There can be no assurance that we will be successful in addressing such risks,
and the failure to do so can have a material adverse effect on our business
prospects, financial condition and results of operations.
Summary of product research and
development.
We
do not anticipate performing any significant product research and development
until such time as we can raise adequate working capital to sustain our
operations.
Expected purchase or sale of any
significant equipment.
We
anticipate that we will purchase the necessary production and field service
equipment required to produce oil and natural gas during our normal course of
operations over the next twelve months. We estimate this amount to be
approximately $3.0 million.
Significant changes in the number of
employees.
As
of June 30, 2008, we had 19 full time employees, an increase from 9 full time
employees at our fiscal year ended March 31, 2008. We hired a number
of former independent field contractors to help secure a more stable work base.
We have not experienced a material increase in expenses from this initiative, as
most of these individuals were already included in our current operating and
capital expenses as independent contractors. As drilling and
production activities increase, we intend to hire additional technical,
operational and administrative personnel as appropriate. We are using and will
continue to use the services of independent consultants and contractors to
perform various professional services, particularly in the area of land
services, reservoir engineering, drilling, water hauling, pipeline construction,
well design, well-site monitoring and surveillance, permitting and environmental
assessment.
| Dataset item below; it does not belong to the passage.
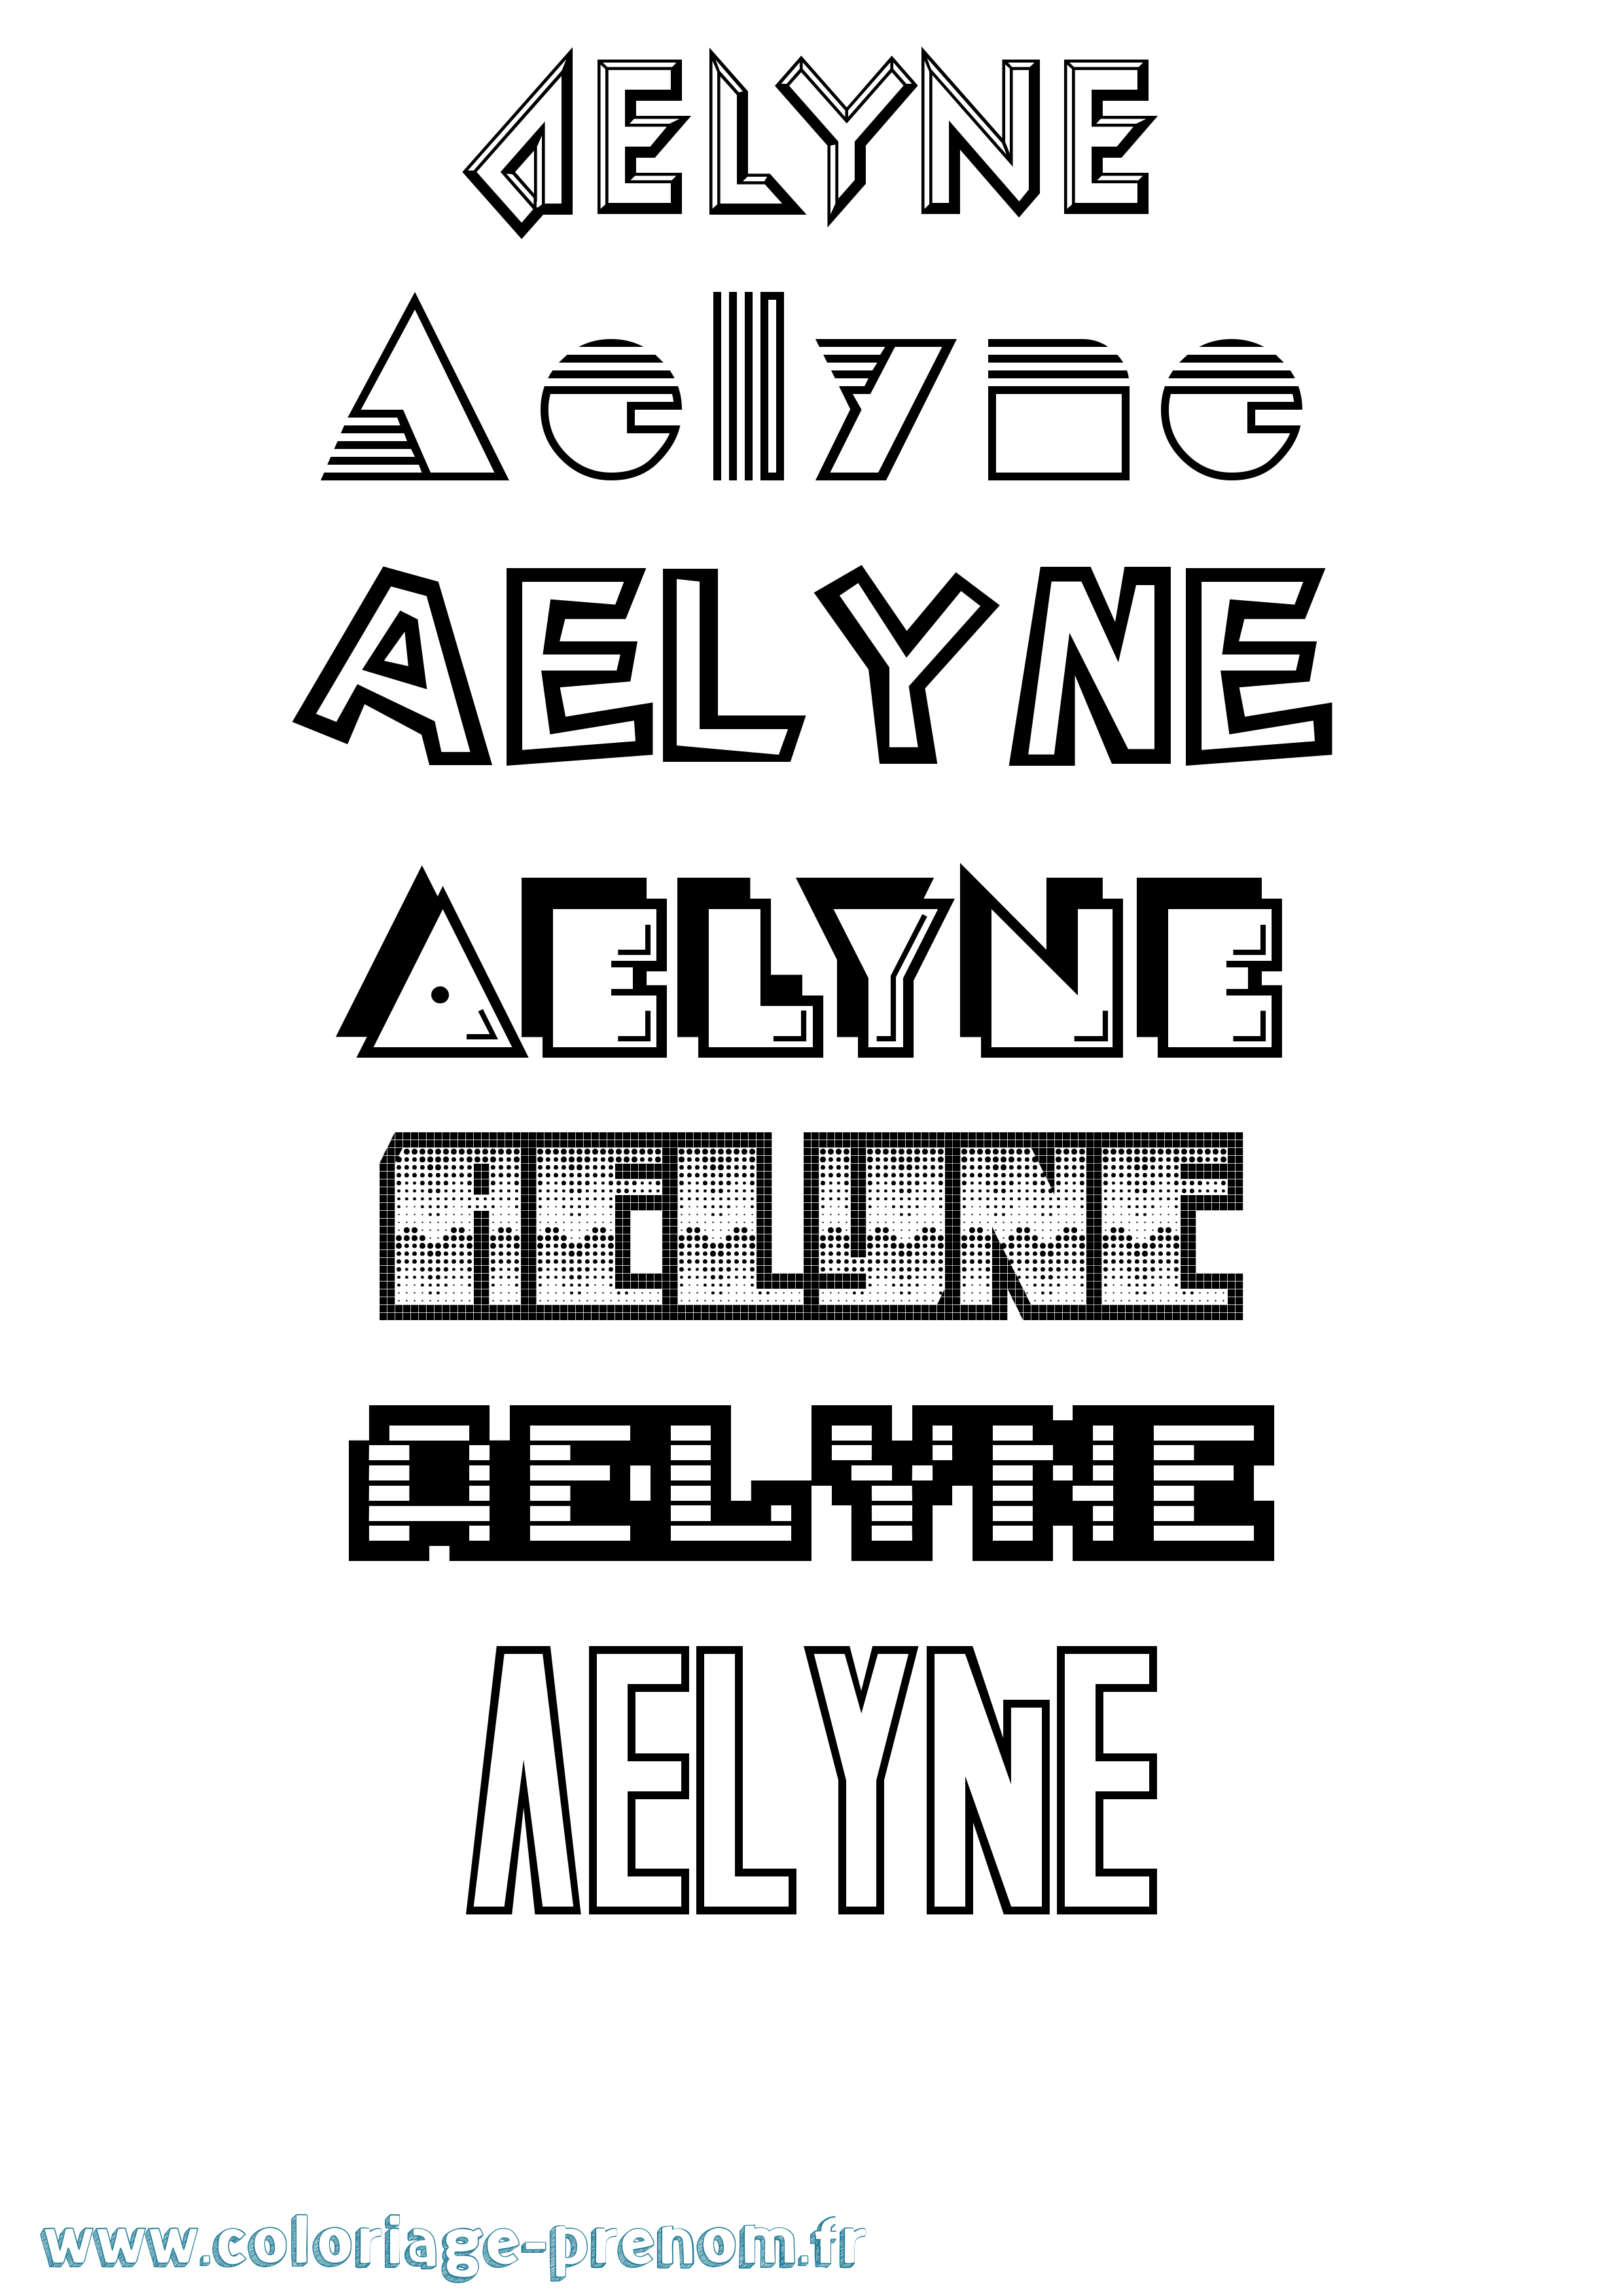 Coloriage prénom Aelyne Jeux Vidéos

We believe that this use of third-party service providers may
enhance our ability to contain general and administrative expenses.
Off-Balance Sheet
Arrangements
We
do not have any off-balance sheet arrangements that have or are reasonably
likely to have a current or future effect on our financial condition, changes in
financial condition, revenues or expenses, results of operations, liquidity,
capital expenditures or capital resources that is material to
investors.
17
Critical
Accounting Policies and Estimates
Our
critical accounting estimates include our oil and gas properties, asset
retirement obligations and the value of share-based payments.
Oil and Gas
Properties:
The
accounting for our business is subject to special accounting rules that are
unique to the gas and oil industry. There are two allowable methods of
accounting for oil and gas business activities: the successful efforts method
and the full-cost method. We follow the full-cost method of accounting under
which all costs associated with property acquisition, exploration and
development activities are capitalized. We also capitalize internal costs that
can be directly identified with our acquisition, exploration and development
activities and do not include any costs related to production, general corporate
overhead or similar activities.
Under
the full-cost method, capitalized costs are amortized on a composite
unit-of-production method based on proved gas and oil reserves. Depreciation,
depletion and amortization expense is also based on the amount of estimated
reserves. If we maintain the same level of production year over year, the
depreciation, depletion and amortization expense may be significantly different
if our estimate of remaining reserves changes significantly. Proceeds from the
sale of properties are accounted for as reductions of capitalized costs unless
such sales involve a significant change in the relationship between costs and
the value of proved reserves or the underlying value of unproved properties, in
which case a gain or loss is recognized. The costs of unproved properties are
excluded from amortization until the properties are evaluated. We review all of
our unevaluated properties quarterly to determine whether or not and to what
extent proved reserves have been assigned to the properties, and otherwise if
impairment has occurred. Unevaluated properties are assessed individually when
individual costs are significant.
We
review the carrying value of our gas and oil properties under the full-cost
accounting rules of the SEC on a quarterly basis. This quarterly review is
referred to as a ceiling test. Under the ceiling test, capitalized costs, less
accumulated amortization and related deferred income taxes, may not exceed an
amount equal to the sum of the present value of estimated future net revenues
(adjusted for cash flow hedges) less estimated future expenditures to be
incurred in developing and producing the proved reserves, less any related
income tax effects. In calculating future net revenues, current prices and costs
used are those as of the end of the appropriate quarterly period. Such prices
are utilized except where different prices are fixed and determinable from
applicable contracts for the remaining term of those contracts, including the
effects of derivatives qualifying as cash flow hedges. Two primary factors
impacting this test are reserve levels and current prices, and their associated
impact on the present value of estimated future net revenues. Revisions to
estimates of gas and oil reserves and/or an increase or decrease in prices can
have a material impact on the present value of estimated future net revenues.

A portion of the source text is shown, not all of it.